Patrick Muck, MD, surgeon
Chief of Vascular Surgery, Good Samaritan Hospital

—As told to Alyssa Brandt

“All minimally invasive procedures, be they gall bladder surgeries, urology surgeries, or OB/GYN procedures, benefit from the precision of robotic technology. For minimally invasive vascular procedures, you typically start at an access point, like the femoral artery in the groin, and insert a tube. Once we’re inside the artery, we use a variety of catheters that have different shapes or angles to navigate to the heart, the carotid artery, or aorta. Sometimes the blood vessels are really windy, like those road signs you see. If we try a catheter with a 30-degree angle and it isn’t working, it has to be removed and exchanged for a different one. Another issue in vascular surgery is stability. If the arteries are weakened by disease, it can be hard to keep them stable while we deliver a stent or chemotherapy drugs to a tumor. The Magellan addresses both of these issues by giving us navigational precision and added stability.

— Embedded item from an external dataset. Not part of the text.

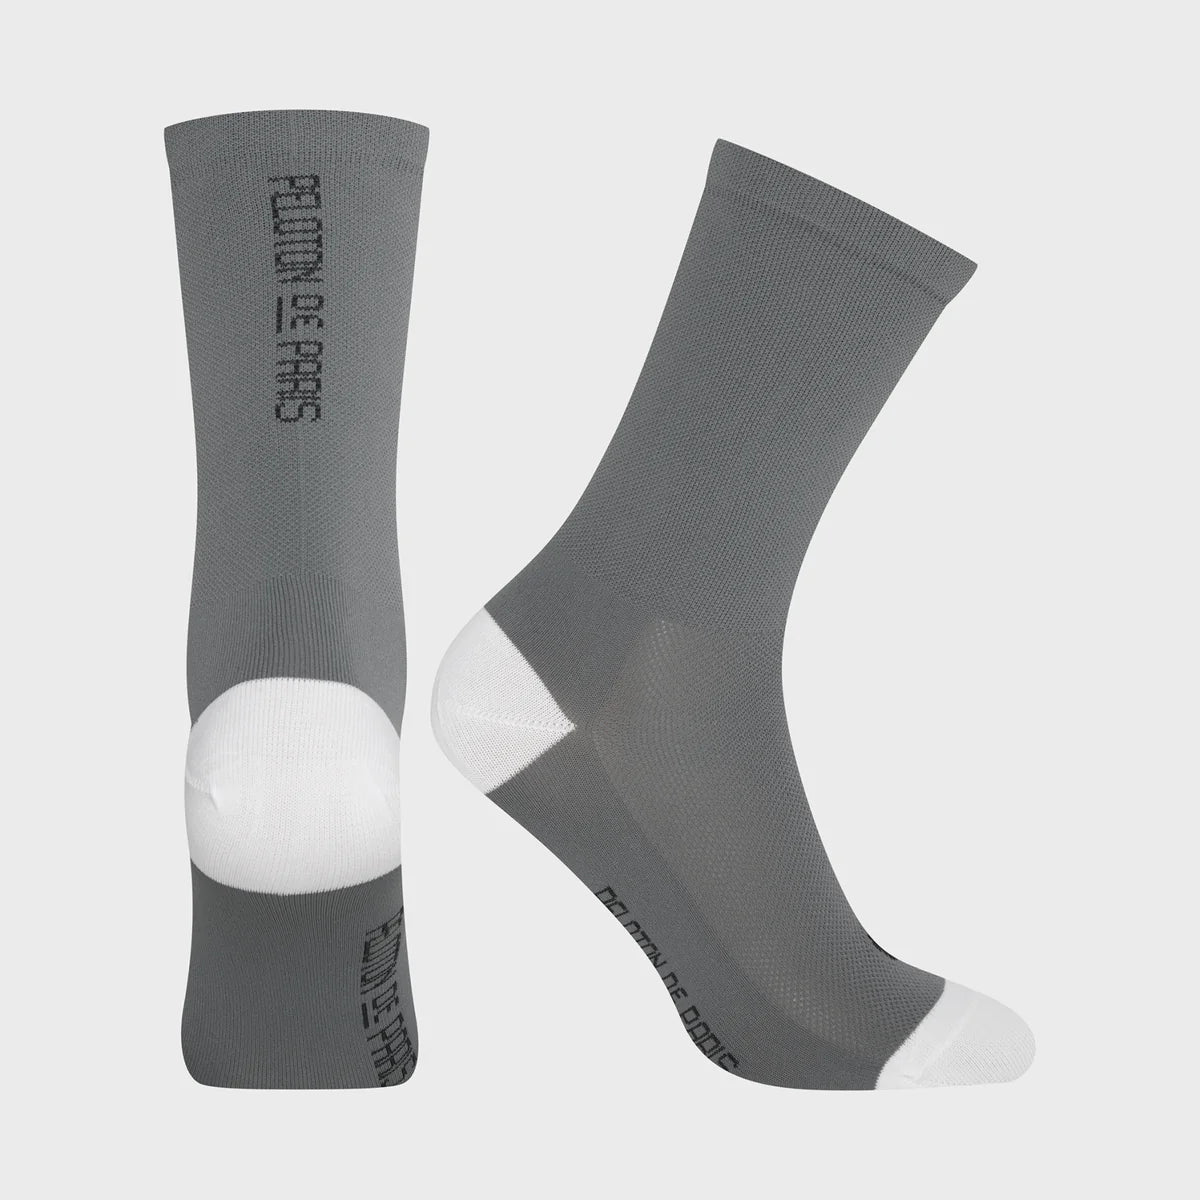 Peloton Cycling Socks - Light Grey

The other advantage to the Magellan system is that you can step away from the radiation. With minimally invasive procedures like these, the patient is given dye and we use an X-ray source to look inside the body. The X-ray source throws radiation all around the room. We’re getting radiated to kingdom come and back. We have shields in the operating room and we wear our lead—it’s even in our caps and glasses now—but nothing is bulletproof. The patient gets a one-time exposure, but for the procedural team, it’s an occupational hazard. Every time you can double your distance from the radiation source, it cuts your exposure by 75 percent. The Magellan allows us to be 10 feet away from the patient and control the system from a console.

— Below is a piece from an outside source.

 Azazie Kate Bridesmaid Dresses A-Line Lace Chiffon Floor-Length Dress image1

Thirty million Americans have arterial disease due to things like smoking, high cholesterol, and diabetes. Pulmonary embolisms—blood clots that break off and travel to the lungs—still kill 300,000–400,000 people a year. Every family is going to have someone with a vascular problem at some point, be it a blood clot, or a carotid artery blockage that can lead to stroke, or an aneurysm. We can go in, put in a stent or a filter and you go home the next day with nothing more than a Band-Aid at the entry point. Today, I do about 10 percent open surgeries and 90 percent [minimally invasive]. When I started it was the opposite. The traditional image of the surgeon being right there over the patient isn’t gone, but it’s changing.”